Overlap statistics: GSSMD, ovltools, GMDM

Distribution overlap is a fundamental effect-size measure for binary classification, and a principled alternative to Z-factor or SSMD in bioassay quality assessment.

  • GSSMD — Generalized Standardized Sample Mean Difference, a robust effect-size measure for biological assays (IEEE BIBM 2020; arXiv 2020).
  • ovltools — R package for KDE-, KNN-, histogram-, and distribution-fitting-based overlap estimation with permutation-based significance tests.
  • GMDM — Generalized Multi-Dimensional overlap Metric (Digital Signal Processing 2023), extending one-dimensional overlap to multivariate data. Applied to style-transfer quality, denoising-model evaluation, and sequence-encoding classifiability.

GMDM schematic


Biosignal processing and reproducibility

Biomedical signals carry instrument- and site-specific confounds that undermine cross-laboratory reproducibility. Self-supervised learning and domain-specific architectures provide a way to separate the biology from the instrument.

MVNet — inter-laboratory variation minimization for SERS

Surface-enhanced Raman spectroscopy (SERS) offers exquisite sensitivity but notoriously poor cross-lab reproducibility.
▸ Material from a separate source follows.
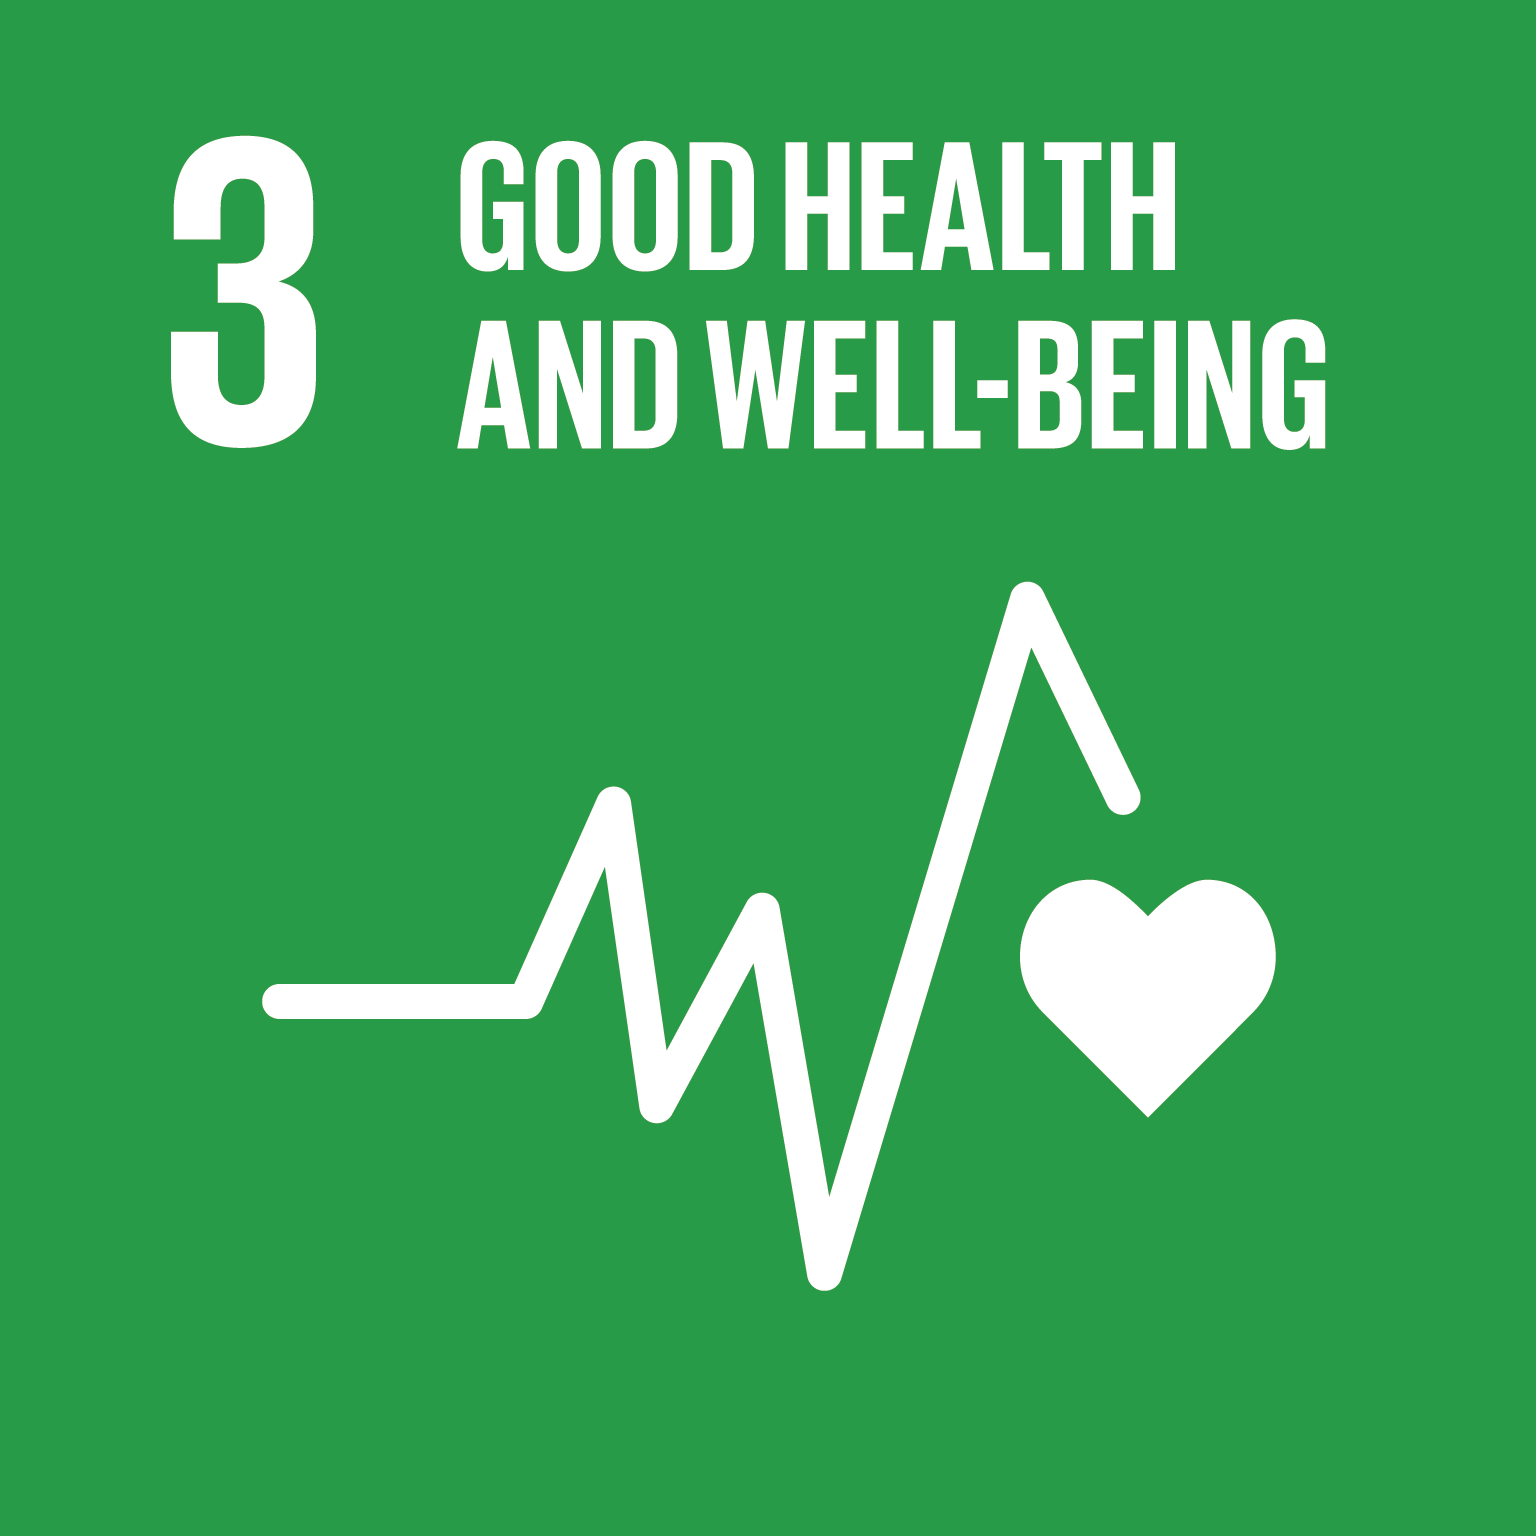 Goal 3 - good health and well-being

MVNet is a self-supervised model trained to generate minimum-variance SERS spectra of the same analyte across laboratories while preserving analyte-specific spectral features (Analyst 2023).

MVNet pipeline

SERSNet and ML-based SERS detection

Deep-neural-network architectures for biomolecule detection (Biosensors 2021) and heavy-metal-ion detection (Sensors 2022) from SERS spectra.
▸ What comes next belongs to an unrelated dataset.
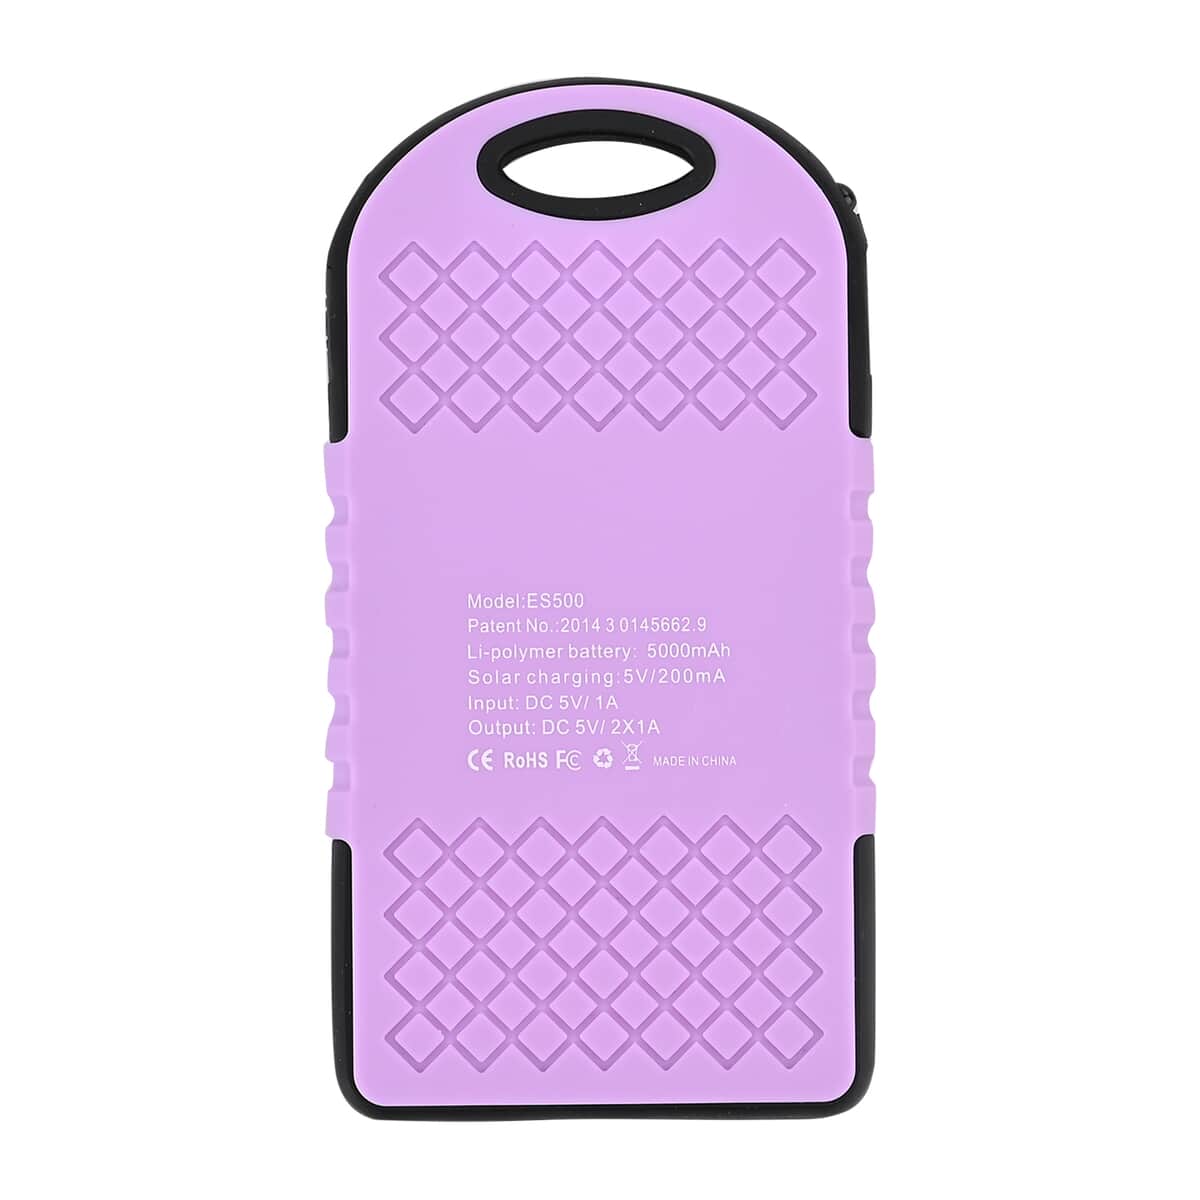 Homesmart Purple Carabiner Solar 5000 mAh Battery Charger with USB & Emergency LED Torch image number 3

Phonocardiogram (PCG) analysis

Temporal-convolutional feature extraction with asynchronous channel-information fusion for heart-abnormality detection in multi-channel phonocardiograms (Shin et al., Comput. Methods Programs Biomed. 2025). Continuing work on foundation-model-based evaluation for PCG is ongoing.

Sparse-subsample gene-expression reconstruction

A U-Net-like CNN reconstructs full gene-expression vectors from 10 % subsamples, exploiting the modular and sparse structure of transcriptional programs (PCC ≈ 0.86 versus state-of-the-art reconstruction methods).

Sparse-subsample reconstruction


Earlier work: microfluidics and synthetic biology

Experimental systems for studying bacterial communication and predation at single-cell resolution — microfluidic concentrator arrays (Lab on a Chip 2011, 2012) and inkjet-printed multicellular systems (Biomaterials 2011; International Journal of Molecular Sciences 2011). These are the experimental roots of my current computational interest in cell-to-cell communication.